## Your assignment
Your response should be an exact transcription of the data, images excluded.

## Information supplied
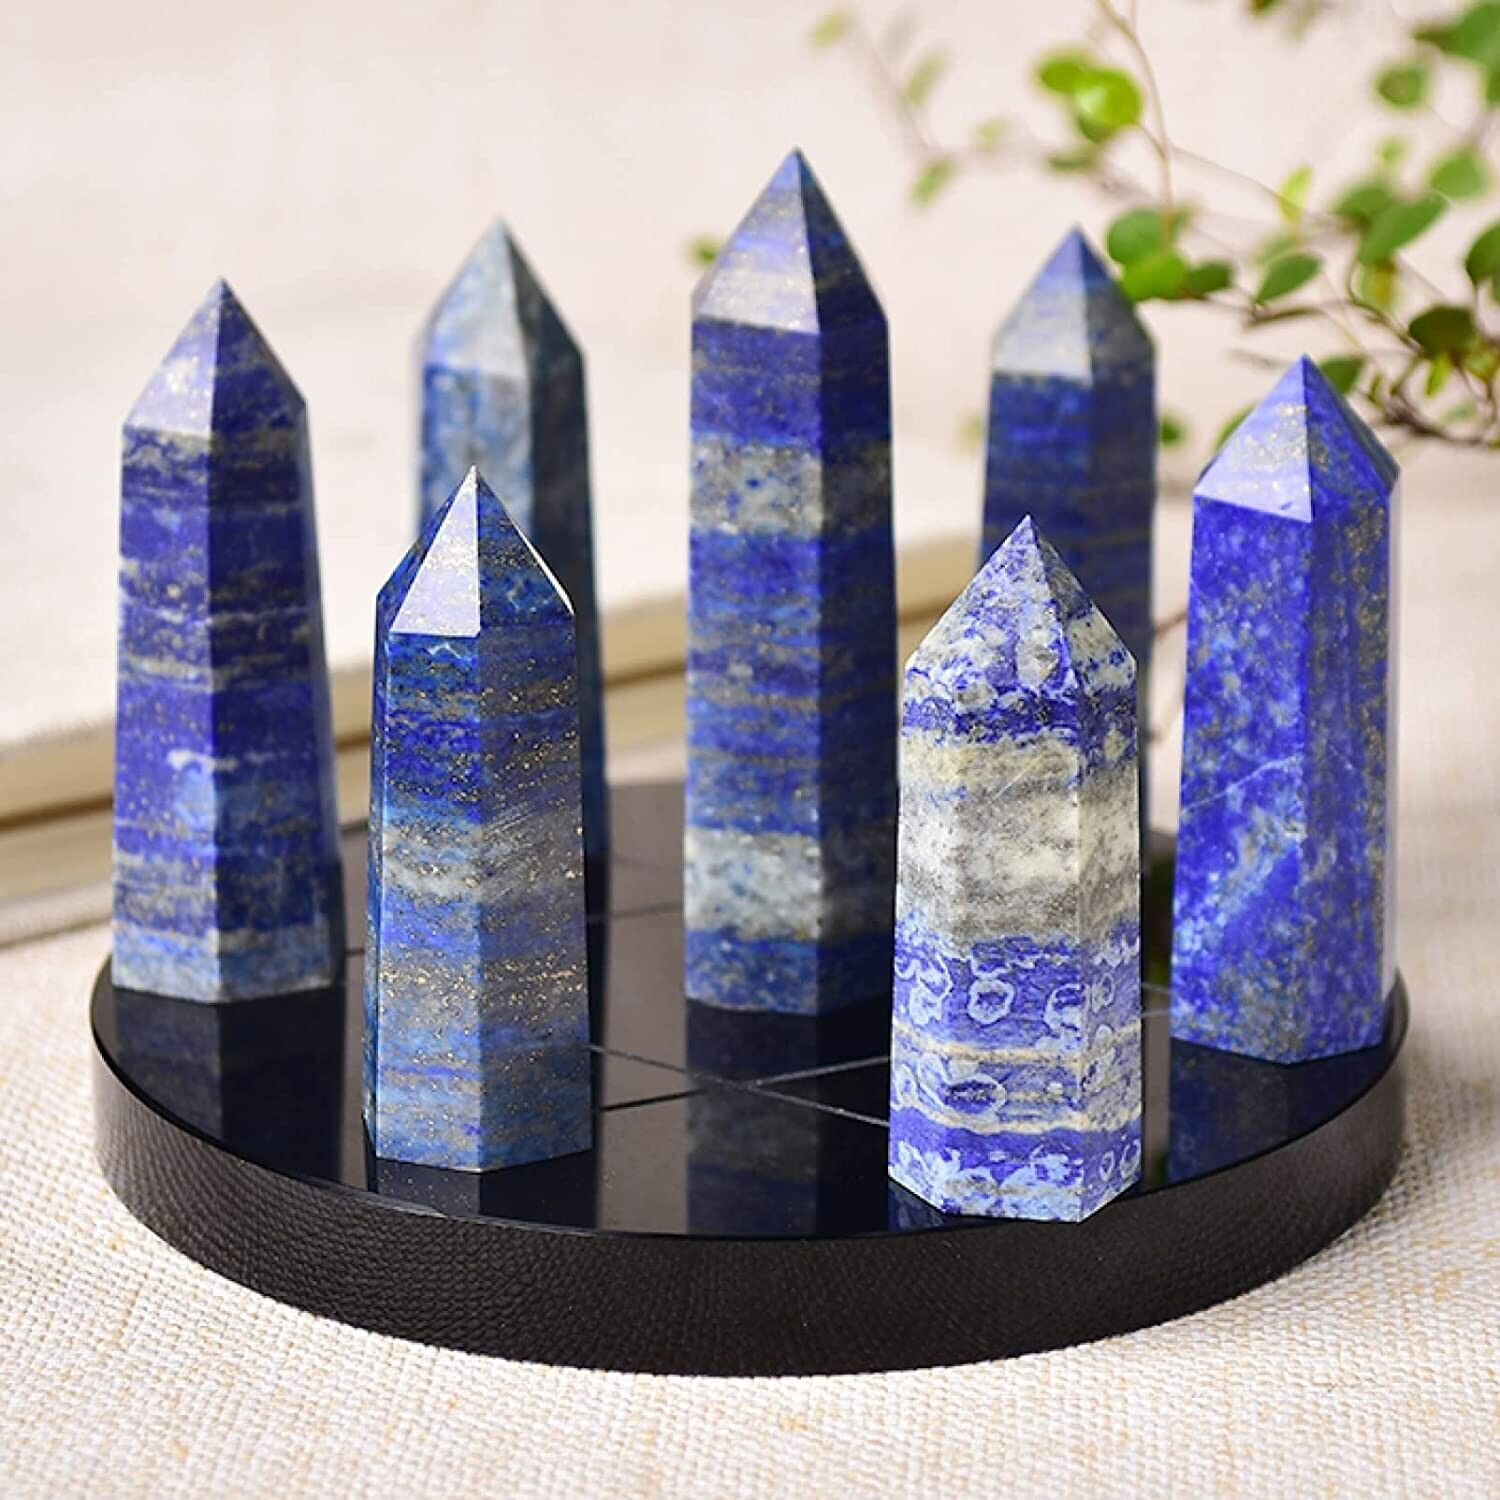 Wholesale Lot 1 Lb Natural Lapis Lazuli Stone Obelisk Tower Crystal Wand Energy
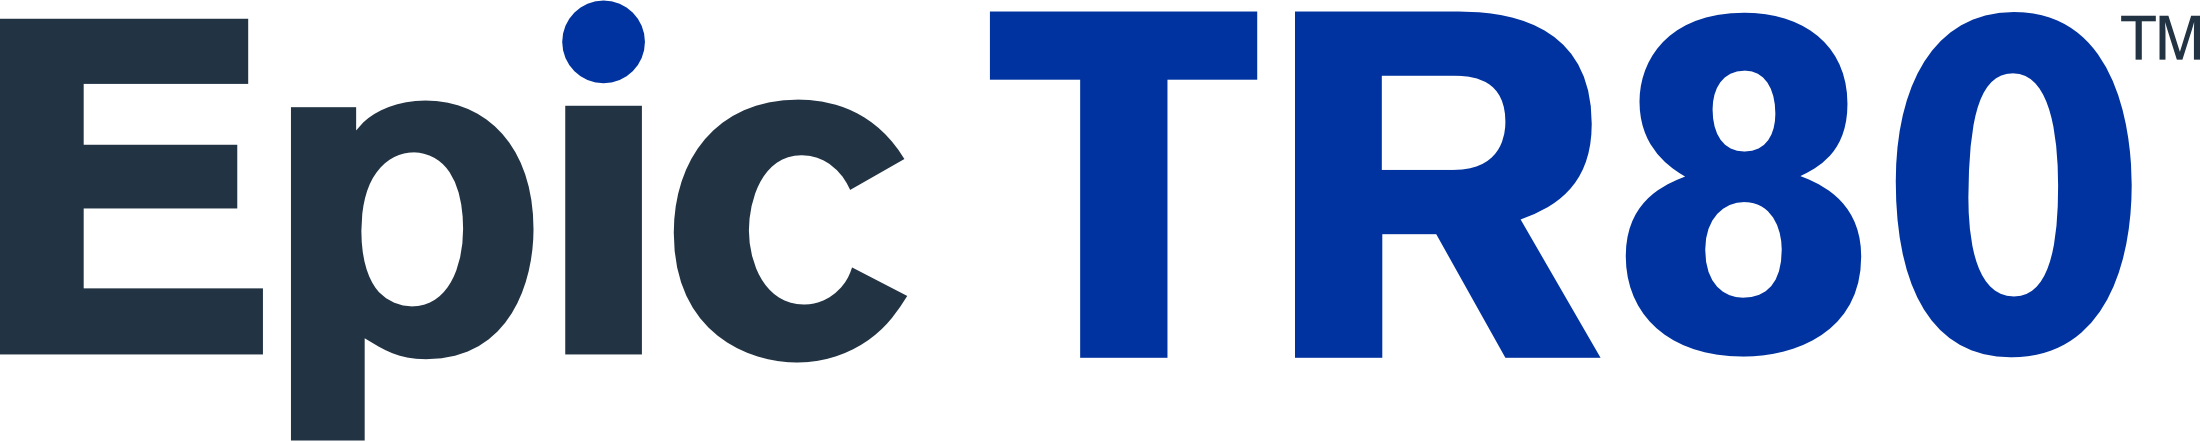 TACT Logo EpicTR80
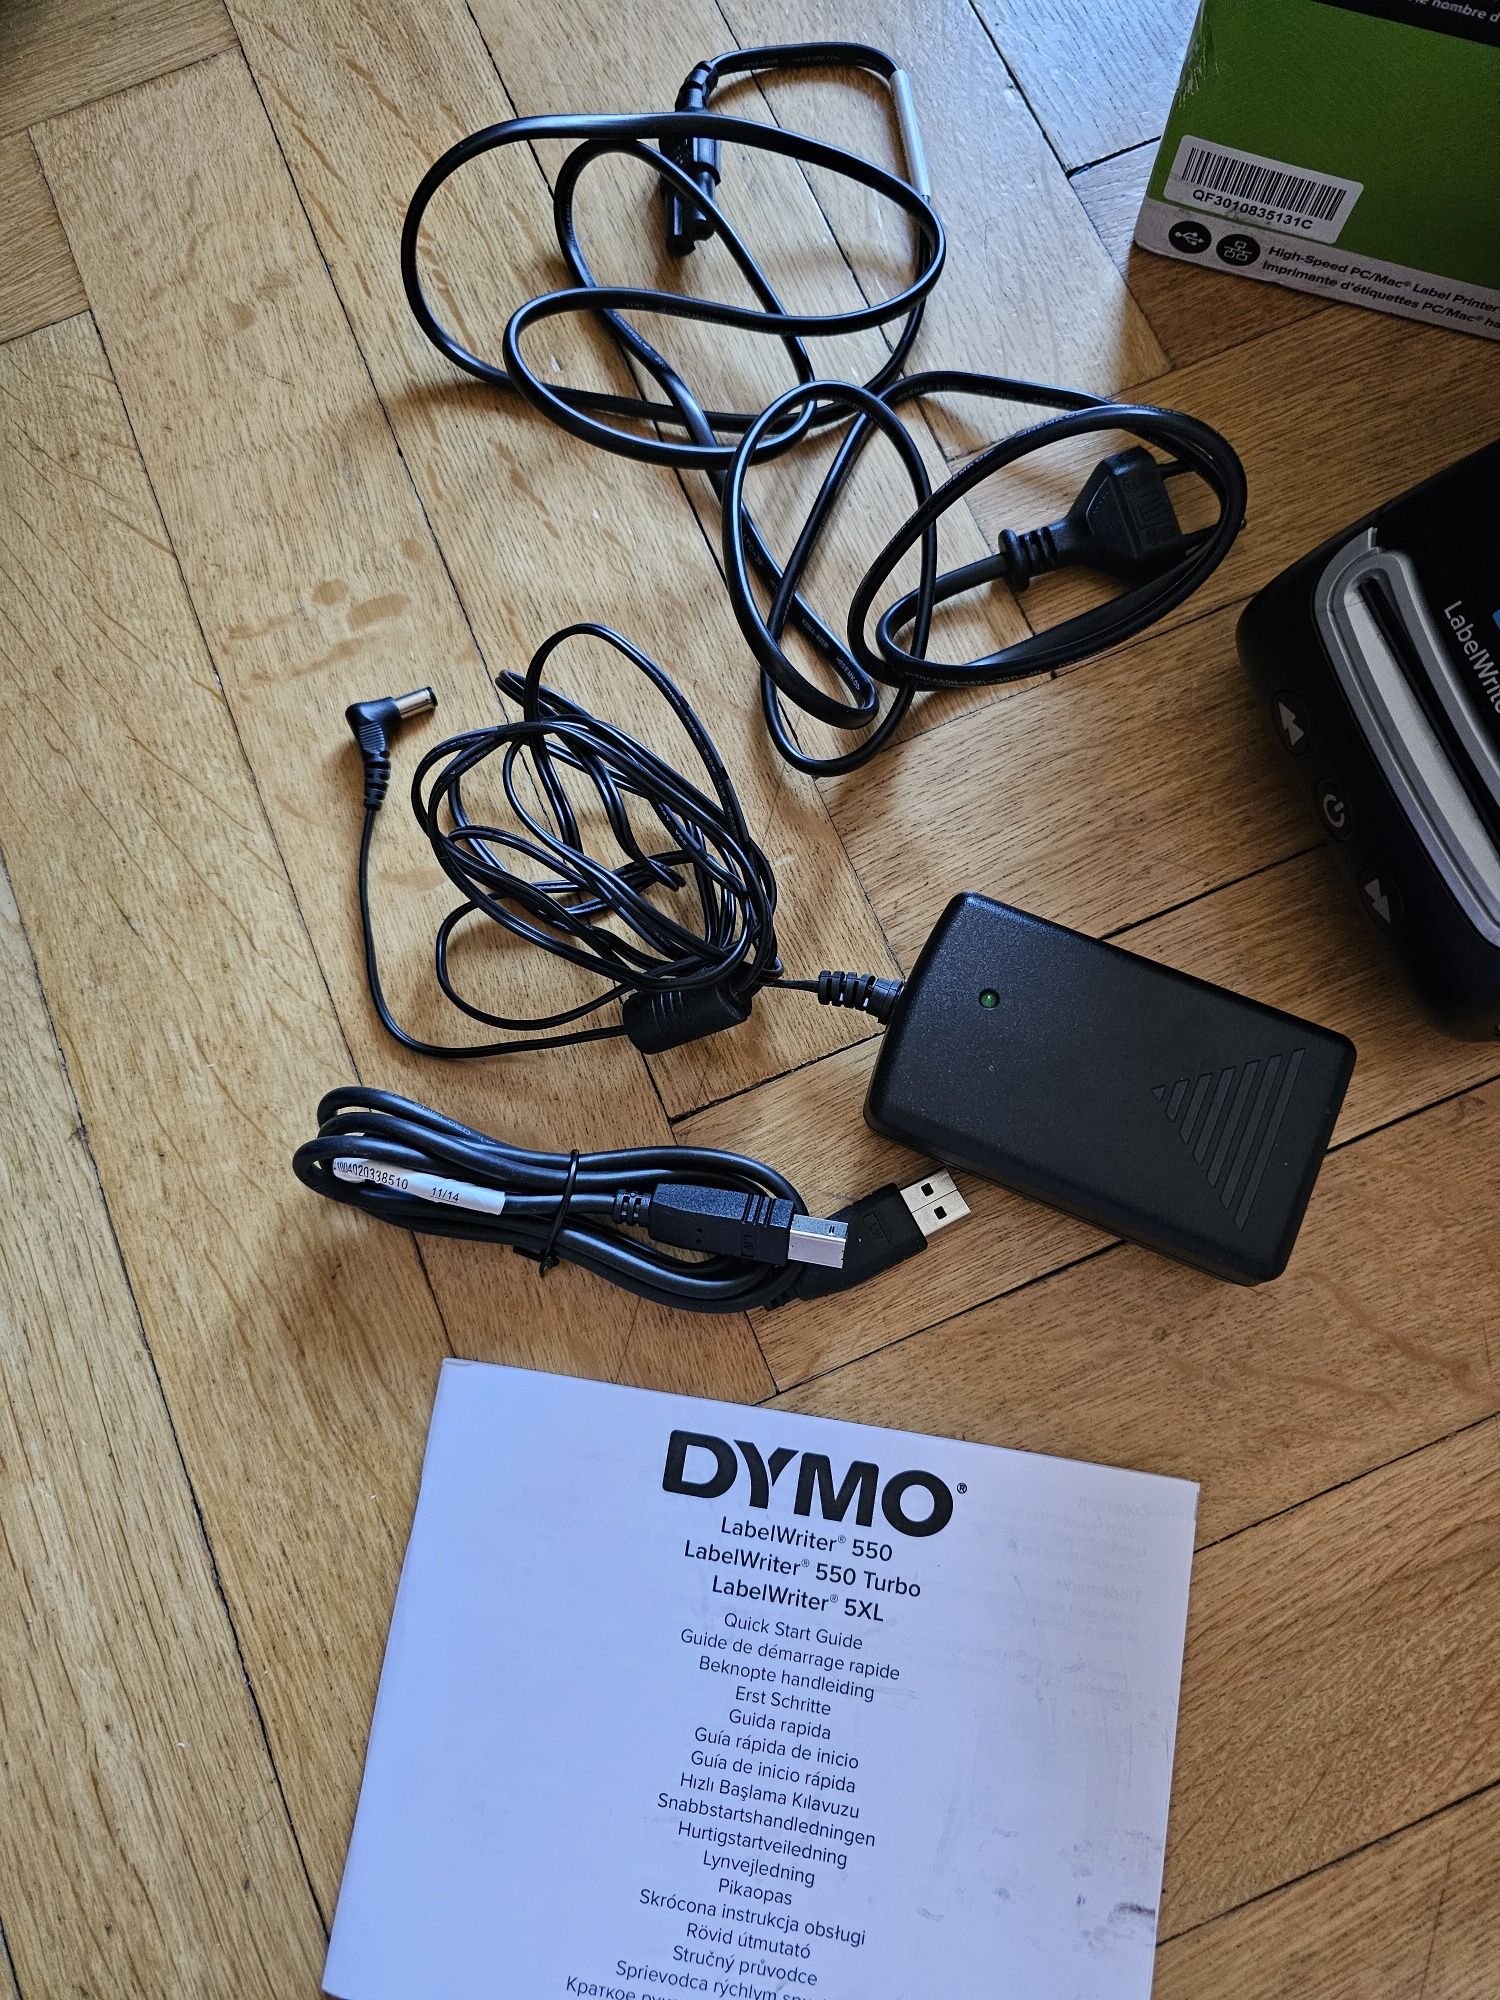 DYMO Labelwriter 550 TURBO Drukarka Etykiet LW LABEL WRITER printer 5x

## Result
 Wholesale Lot 1 Lb Natural Lapis Lazuli Stone Obelisk Tower Crystal Wand Energy
 TACT Logo EpicTR80
 DYMO Labelwriter 550 TURBO Drukarka Etykiet LW LABEL WRITER printer 5x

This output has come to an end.